◆ About this task ◆
Omitting all images, transcribe the listing word for word.

◆ Data ◆
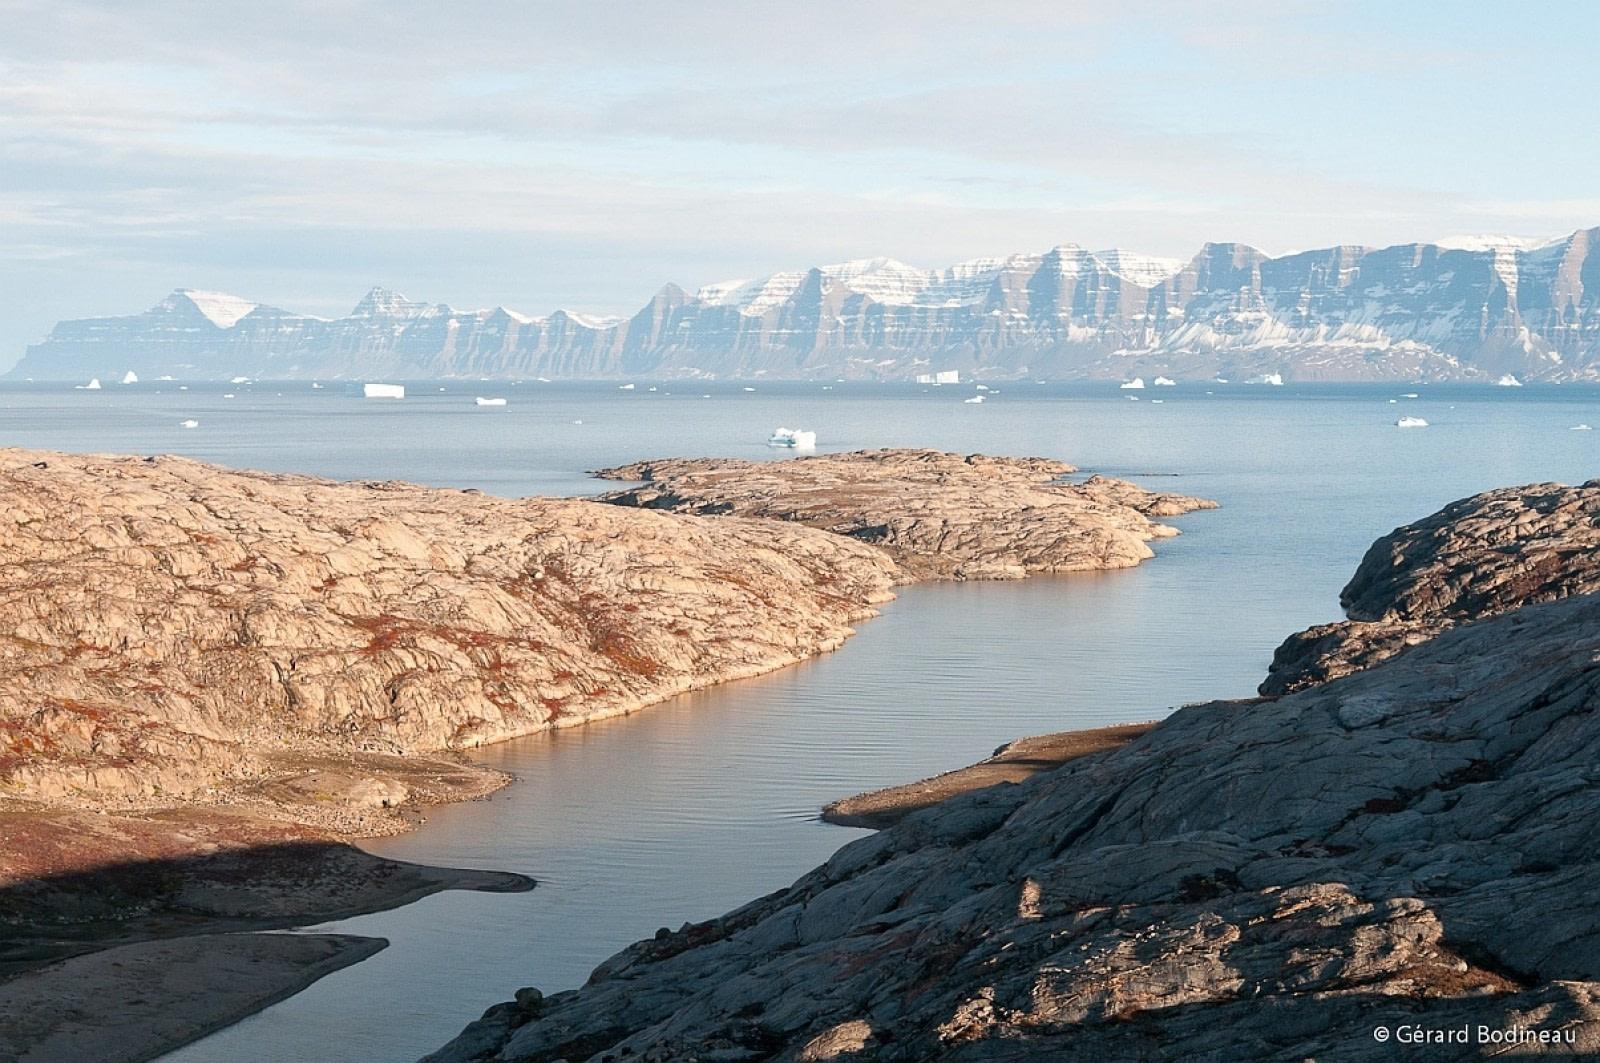 Danmark Ø | Danmark Island
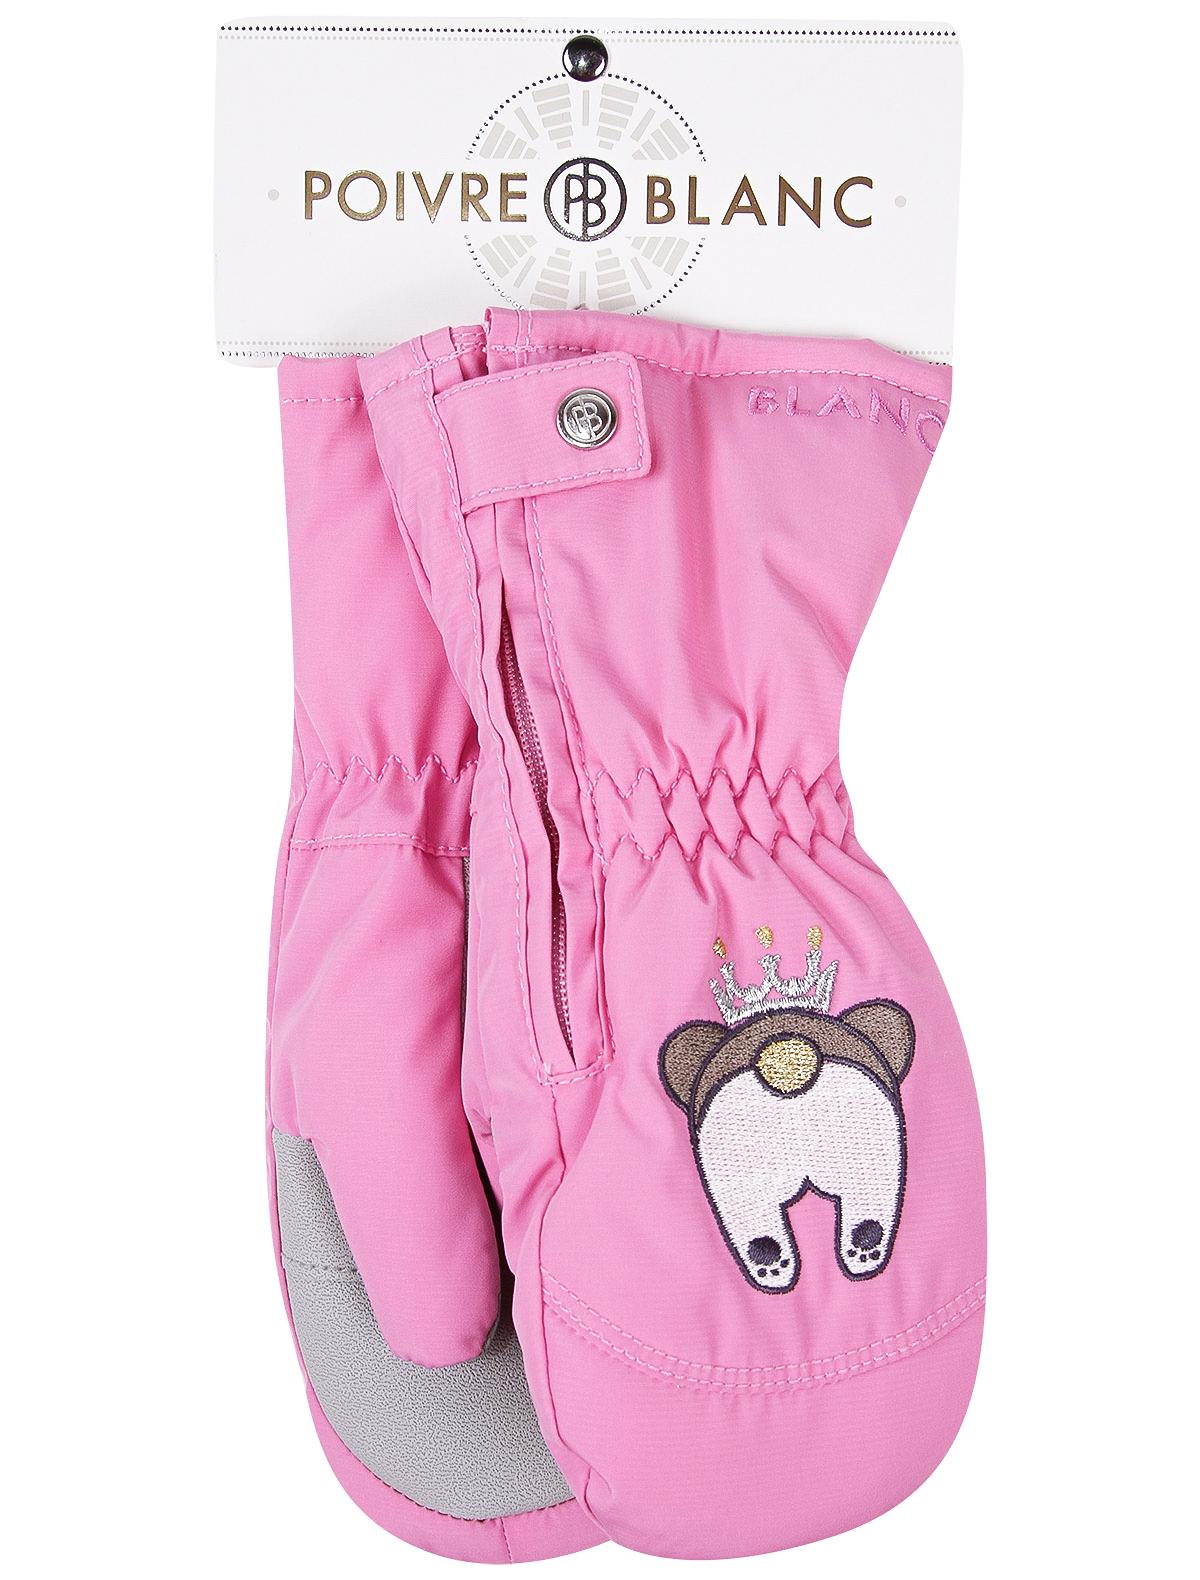 Купить 2136598, Варежки POIVRE BLANC, розовый, Женский, 1362609980121
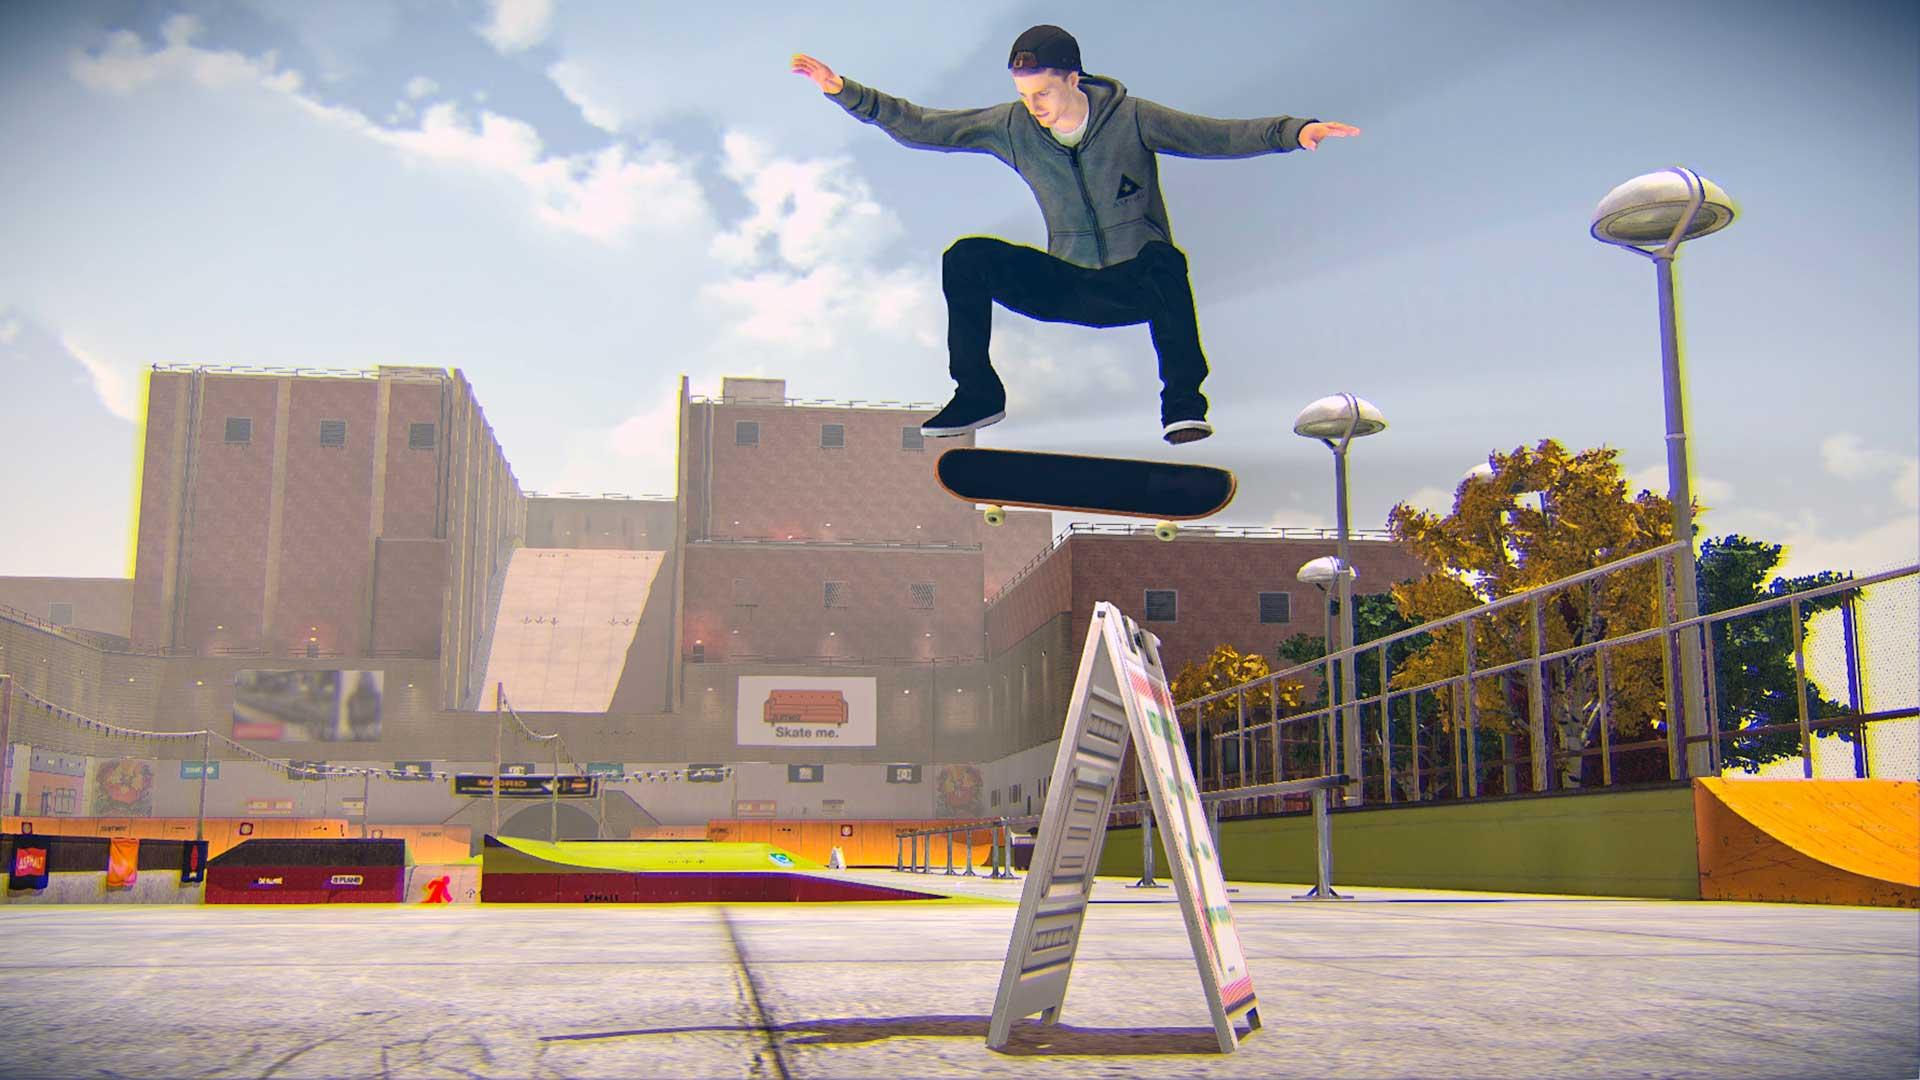 Tony-Hawks-Pro-Skater-5(2)

◆ Answer space ◆
 Danmark Ø | Danmark Island
 Купить 2136598, Варежки POIVRE BLANC, розовый, Женский, 1362609980121
 Tony-Hawks-Pro-Skater-5(2)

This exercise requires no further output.